Stored records:
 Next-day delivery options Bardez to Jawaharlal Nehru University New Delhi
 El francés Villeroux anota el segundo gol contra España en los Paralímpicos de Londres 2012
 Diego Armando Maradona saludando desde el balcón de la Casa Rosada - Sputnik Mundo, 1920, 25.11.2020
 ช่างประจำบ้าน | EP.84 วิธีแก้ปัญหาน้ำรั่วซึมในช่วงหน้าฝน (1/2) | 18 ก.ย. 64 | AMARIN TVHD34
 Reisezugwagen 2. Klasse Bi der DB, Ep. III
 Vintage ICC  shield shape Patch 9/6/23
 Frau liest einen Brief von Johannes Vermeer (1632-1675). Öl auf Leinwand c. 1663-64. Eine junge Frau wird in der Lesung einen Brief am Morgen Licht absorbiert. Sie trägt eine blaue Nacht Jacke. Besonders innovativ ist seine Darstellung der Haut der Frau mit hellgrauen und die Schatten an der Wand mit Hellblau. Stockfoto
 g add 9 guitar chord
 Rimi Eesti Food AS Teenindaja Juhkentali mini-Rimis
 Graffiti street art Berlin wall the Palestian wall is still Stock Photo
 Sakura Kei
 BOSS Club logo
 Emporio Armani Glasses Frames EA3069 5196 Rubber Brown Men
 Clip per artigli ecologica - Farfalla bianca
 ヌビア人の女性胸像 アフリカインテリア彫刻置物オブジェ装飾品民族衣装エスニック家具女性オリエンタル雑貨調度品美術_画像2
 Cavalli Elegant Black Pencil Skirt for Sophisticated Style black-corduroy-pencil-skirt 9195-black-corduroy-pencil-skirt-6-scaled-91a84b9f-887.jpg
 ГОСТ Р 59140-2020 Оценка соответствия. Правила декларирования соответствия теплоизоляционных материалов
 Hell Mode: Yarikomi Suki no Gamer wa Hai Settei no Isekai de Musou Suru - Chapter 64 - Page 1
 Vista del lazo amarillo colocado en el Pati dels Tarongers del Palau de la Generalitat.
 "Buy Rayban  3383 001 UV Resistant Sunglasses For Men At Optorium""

#### [Problem requirements]
Your answer must be the lines from the one containing "ГОСТ Р 59140-2020" to the last line of the entries, repeated exactly and with nothing else.

#### [Response area]
 ГОСТ Р 59140-2020 Оценка соответствия. Правила декларирования соответствия теплоизоляционных материалов
 Hell Mode: Yarikomi Suki no Gamer wa Hai Settei no Isekai de Musou Suru - Chapter 64 - Page 1
 Vista del lazo amarillo colocado en el Pati dels Tarongers del Palau de la Generalitat.
 "Buy Rayban  3383 001 UV Resistant Sunglasses For Men At Optorium""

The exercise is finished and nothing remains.